New York: Apress, 2017. — 147 p.
Perl 6 is a programming language. It is designed to be easily learned, read, and written by humans, and is inspired by natural language. It allows the beginner to write in “baby Perl,” while giving the experienced programmer freedom of expression, from concise to poetic. Perl 6 is gradually typed. It mostly follows the paradigm of dynamically typed languages in that it accepts programs whose type safety it can’t guarantee during compilation. However, unlike many dynamic languages, it accepts and enforces type constraints. Where possible, the compiler uses type annotations to make decisions at compile time that would otherwise only be possible at runtime.
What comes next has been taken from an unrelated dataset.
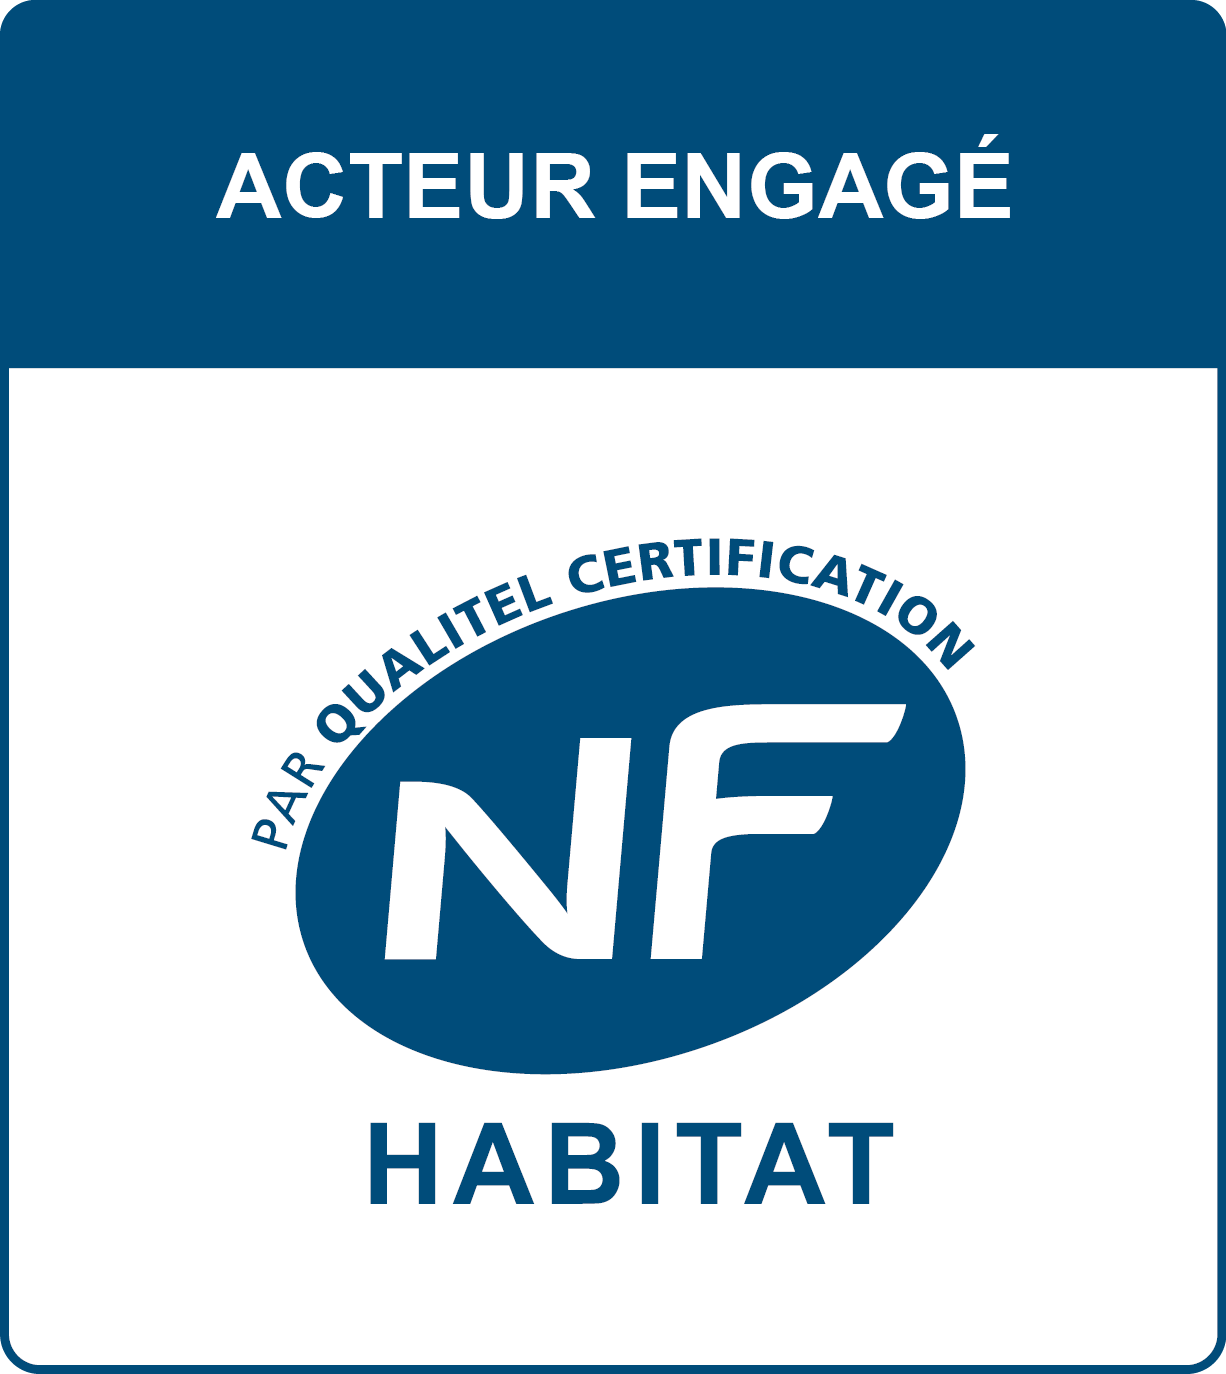 Logement neuf certifié NF Habitat

Many programming paradigms have influenced Perl 6. You can write imperative, object-oriented, and functional programs in Perl 6. Declarative programming is supported through features like multiple-dispatch, sub-typing, and the regex and grammar engine. Most lookups in Perl 6 are lexical, and the language avoids global state. This makes parallel and concurrent execution of programs easier, as does Perl 6’s focus on high-level concurrency primitives. When you don’t want to be limited to one CPU core, instead of thinking in terms of threads and locks, you tend to think about promises and message queues.
Perl 6 as a language is not opinionated about whether Perl 6 programs should be compiled or interpreted. Rakudo Perl 6 — the main implementation — precompiles modules on the fly and interprets scripts.